Believe it or not, academics are actually quite experienced, expert, and knowledgeable. We use this experience, expertise and knowledge to help us select/offer to UCAS applicants we think - from the available evidence of UCAS forms and interviews (if we do interviews or other face to face selection procedures) - will be a good fit for our degree programmes.
We do know what we're doing, funnily enough we're quite clever people It's in our interests to offer places to as many good candidates as we can. We have to teach the students for 3-4 years, after all.
And more importantly, we want them to thrive, succeed, be interested and interesting and be enthused about what we are offering them. We want them to learn, and to grow. We want some of them to do so well that they stay on, to develop and extend knowledge by doing PhDs.
We want our graduates to go out & change the world. Seriously -- that's what I want all my students to do. So why would I limit the field I'm looking at?
The October/January impression is often because Oxbridge applications have to be in in October, which is a lot earlier than the UCAS cut off date in January. And Oxbridge applicants will generally have outstanding UCAS forms which will get them offers elsewhere.

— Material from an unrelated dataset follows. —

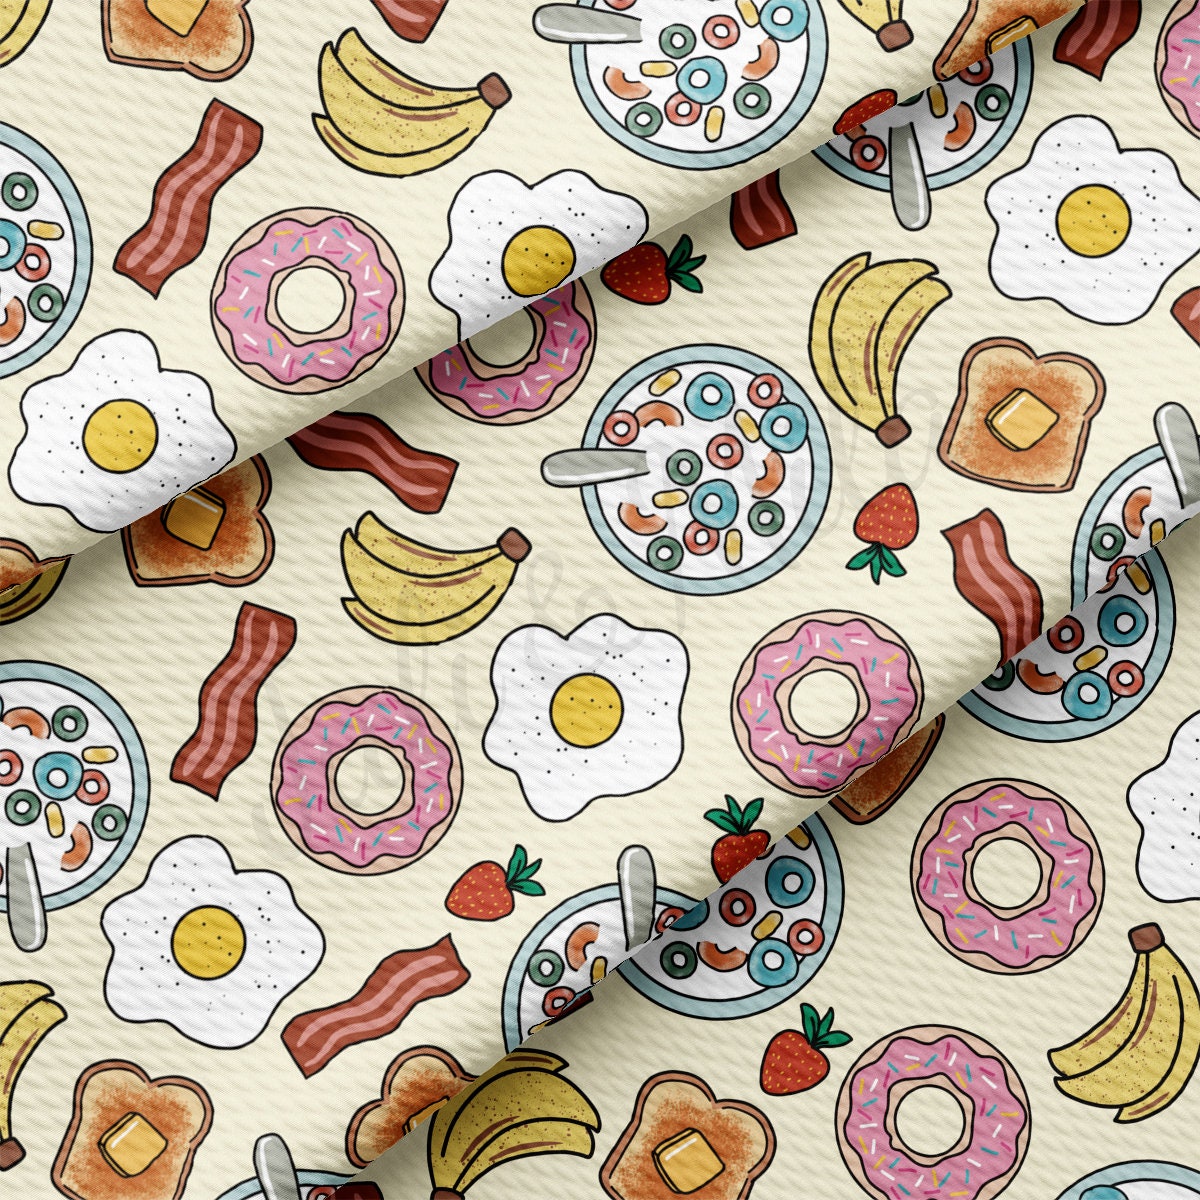 Food Printed Liverpool Bullet Textured Fabric by the yard 4Way Stretch Solid Strip Thick Knit Liverpool Fabric AA2084

And conversely, IME (20 years in the business, plus stints at several universities as Admissions Tutor), the less talented (in relative terms, of course!) tend to apply later. I don't know why. And I can assure anyone reading, that in the departments I've worked in, anyhow, applicants in January are just as likely to be offered a place as those in October, if they match our requirements and seem like a good fit for our programme. And because we actually teach our programme, we are pretty good judges of that fit.